**GIVEN DATA:**
»»

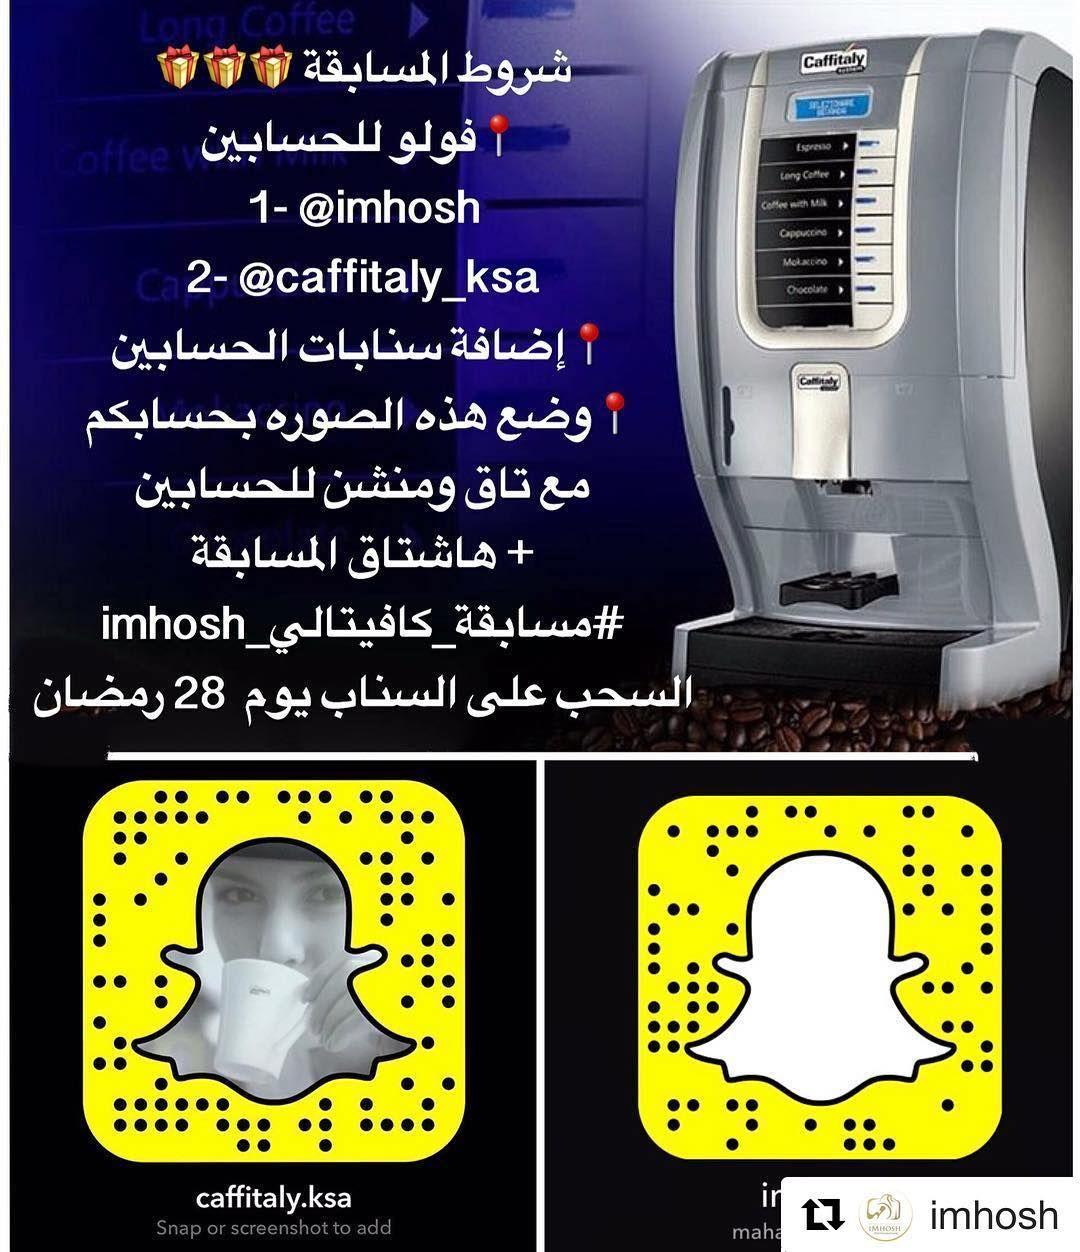 Instagram Photo By كــافـيـتـالــي Jun 26 2016 At 3 44am Utc Instagram Posts Pay Phone Instagram
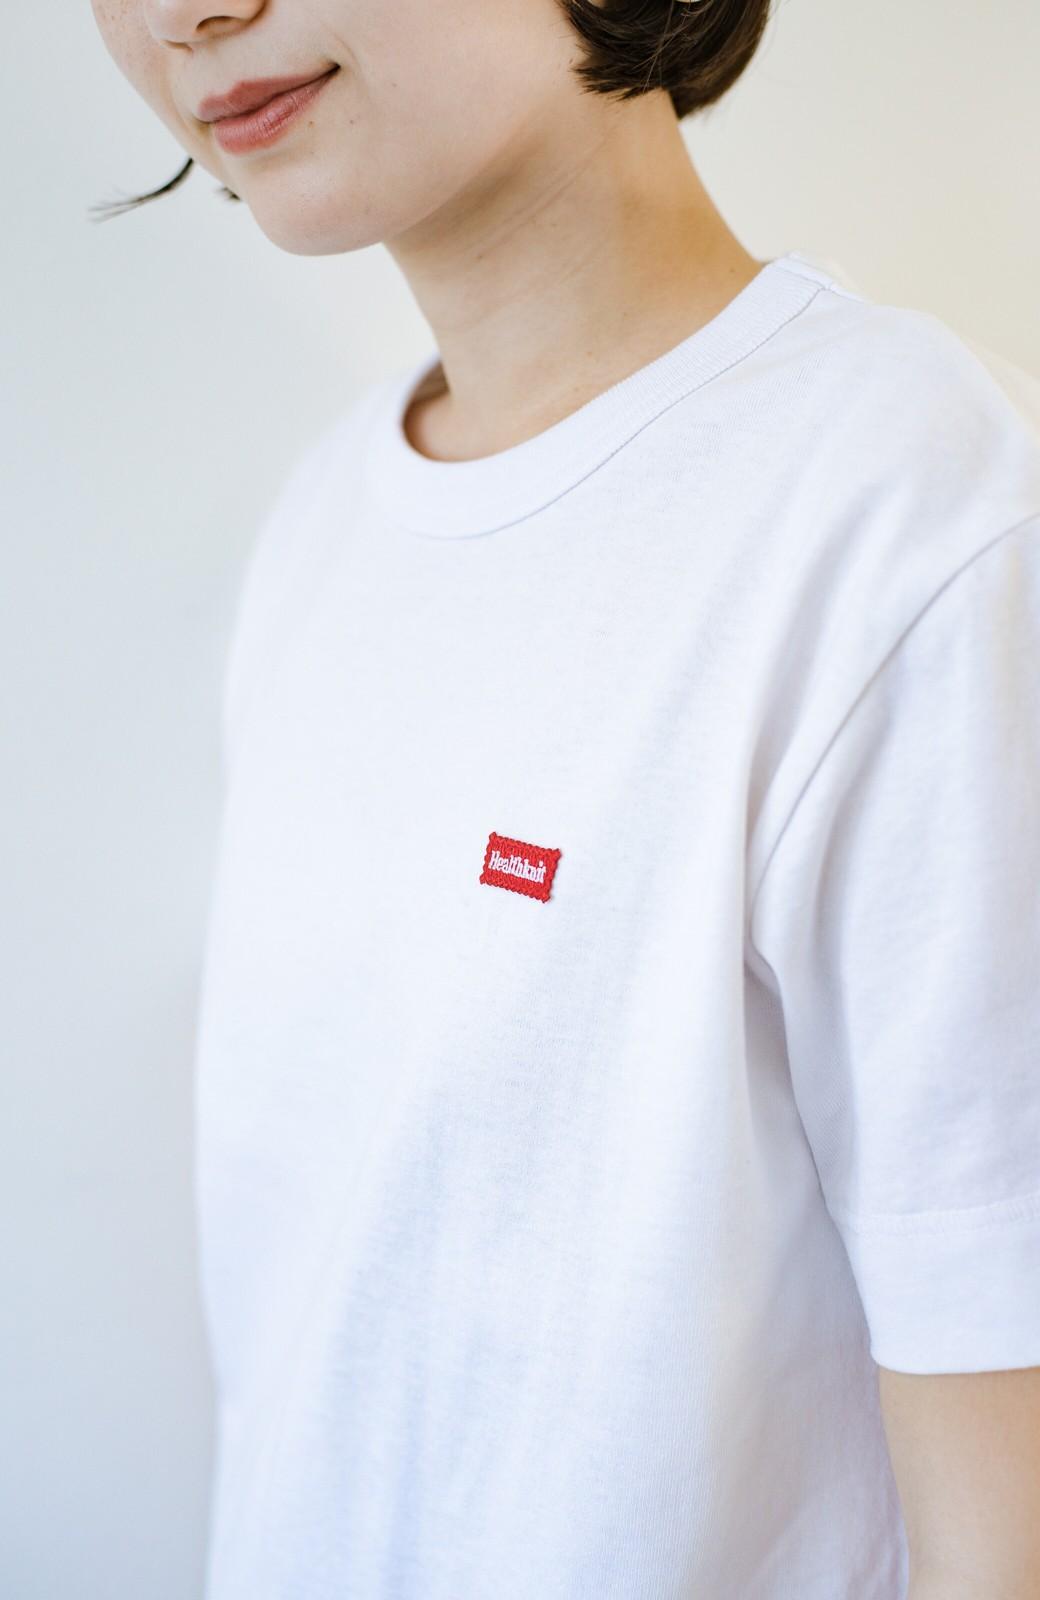 haco! さりげないロゴがコーデのポイントになるファンクションファブリックジャージークルーネックTシャツ by Healthknit <ホワイト>の商品写真3
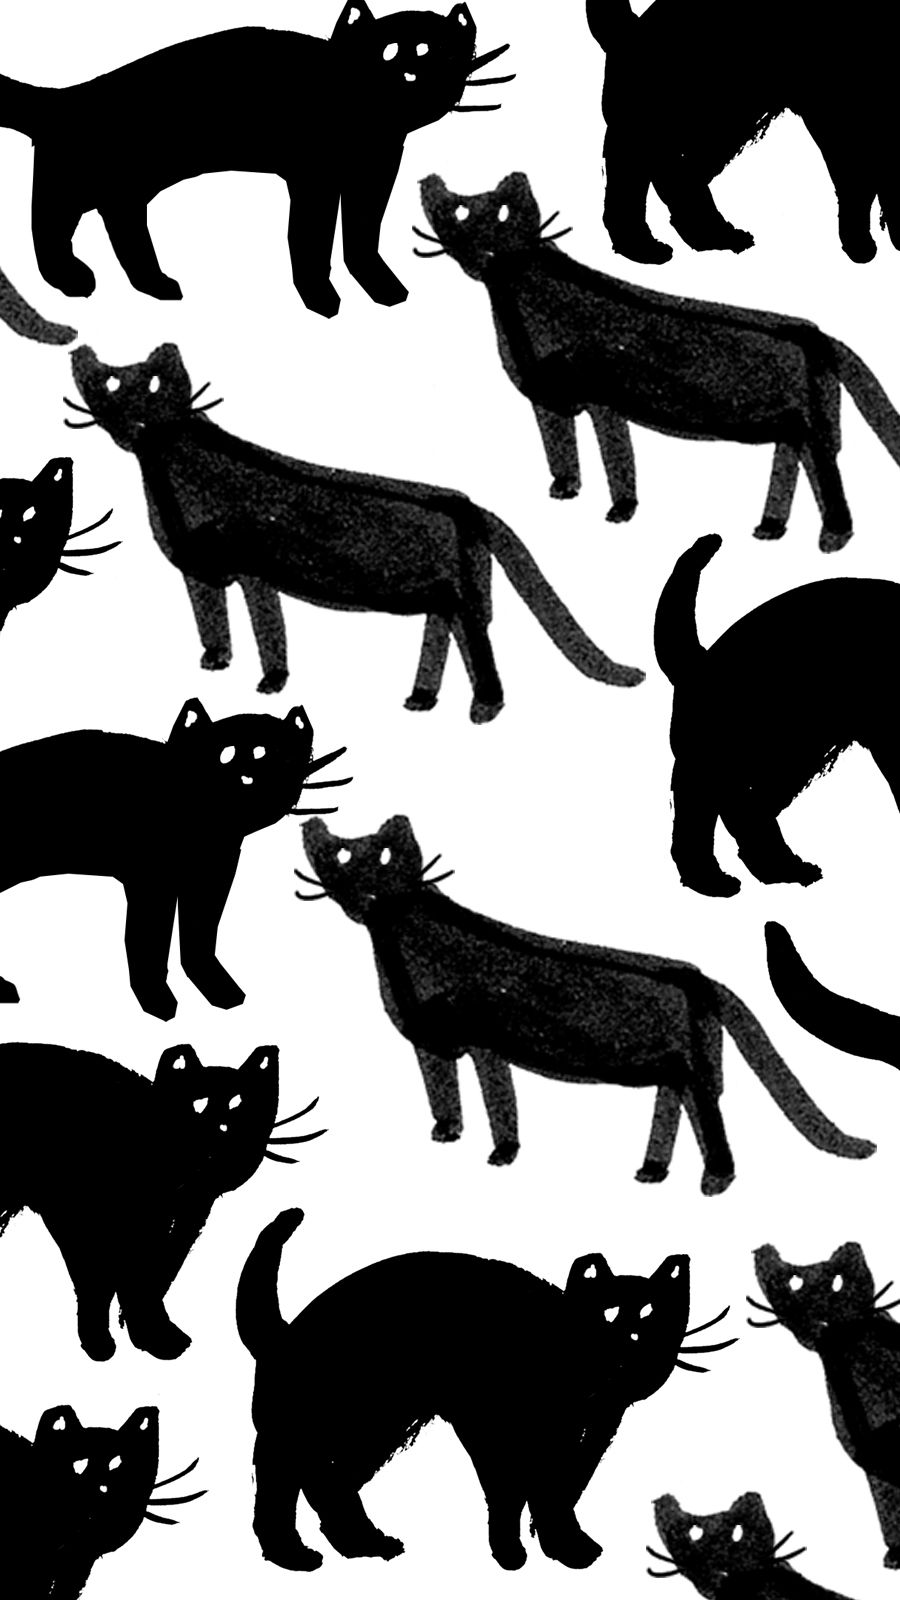 Animal iphone wallpaper tumblr - Wallpaper Source Dressupyourtech Iphone Wallpaper

««

**WHAT IS NEEDED:** Restate the data above word for word. Do not include the images.

**EXPECTED OUTPUT:**
 Instagram Photo By كــافـيـتـالــي Jun 26 2016 At 3 44am Utc Instagram Posts Pay Phone Instagram
 haco! さりげないロゴがコーデのポイントになるファンクションファブリックジャージークルーネックTシャツ by Healthknit <ホワイト>の商品写真3
 Animal iphone wallpaper tumblr - Wallpaper Source Dressupyourtech Iphone Wallpaper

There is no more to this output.